Russian Grocery Store Tour ‘Radicalizes’ Tucker Carlson

Former Fox News host Tucker Carlson drew criticism from the left and right this week for a video of himself touring a Russian grocery store while on a visit to interview Russian Federation President Vladimir Putin, where Carlson said that what he saw there radicalized him against America’s leaders.

“So a long-standing feature, maybe the longest-standing feature of Cold War propaganda in the West was the Soviet grocery store,” Carlson said in the nearly four-minute video. “No products, no choices. Shoddily made things. And it wasn’t actually propaganda. It was real. And you can look up the pictures on the internet if you want.”

“So we thought it would be interesting to take a look at a contemporary, modern-day, 2024 Russian grocery store two years into sanctions,” Carlson said in the video. After filling a grocery cart with food staples a family would need to live on for a week, Carlson appears stunned in the video to find the total checkout price is $104 and not the $400 his team guessed it would cost.

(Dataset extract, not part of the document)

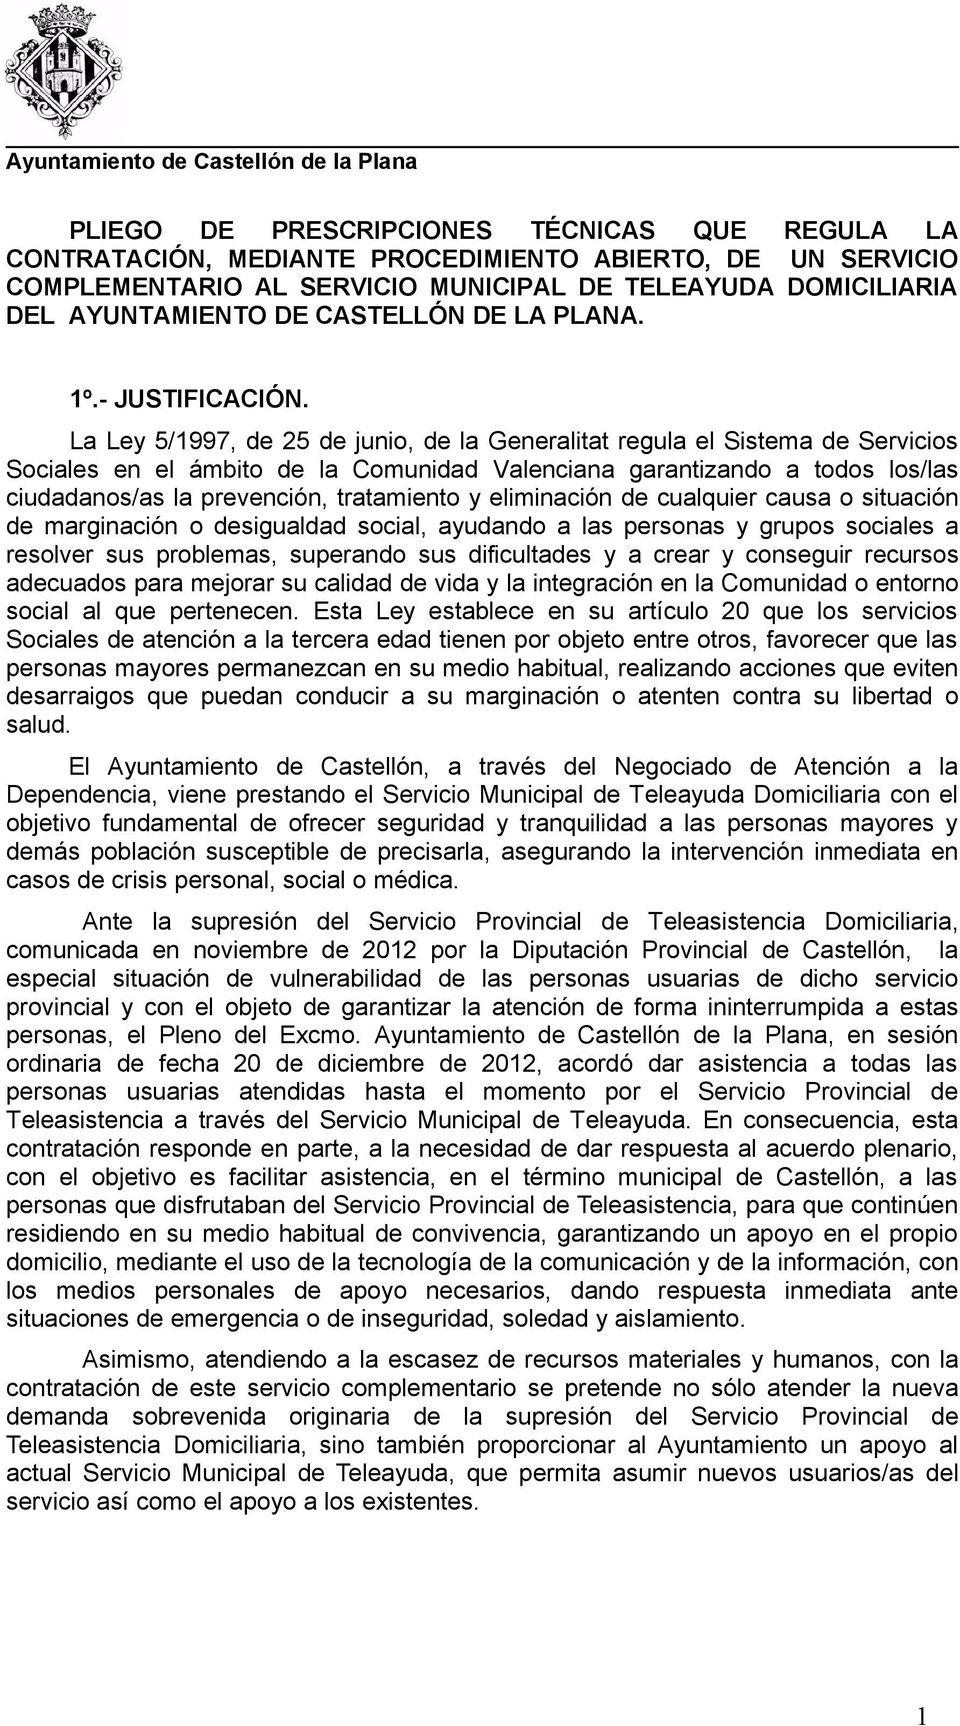 La Ley 5/1997, de 25 de junio, de la Generalitat regula el Sistema de Servicios Sociales en el ámbito de la Comunidad Valenciana garantizando a todos los/las ciudadanos/as la prevención, tratamiento

“I went from amused to legitimately angry,” Carlson said. “If you take people’s standard of living and you tank it through filth and crime and inflation, and they literally can’t buy the groceries they want at that point, maybe it matters less what you say, or whether you’re a good person or a bad person. You’re wrecking people’s lives in their country.”

Referencing the fast-rising cost of living in the U.S. since the pandemic, Carlson said he felt radicalized, “And that’s what our leaders have done to us. And coming to a Russian grocery store, the heart of evil, and seeing what things cost and how people live. It will radicalize you against our leaders. That’s how I feel, anyway. Radicalized. We’re not making any of this up.”

Food prices continue to rise in the fourth year of Biden’s economy, even after inflation cooled in January, so it costs more for Americans to eat away from home and live off groceries. Food prices could affect the election this year, with an overwhelming majority of voters reporting they most felt the impact of inflation through the rising cost of food.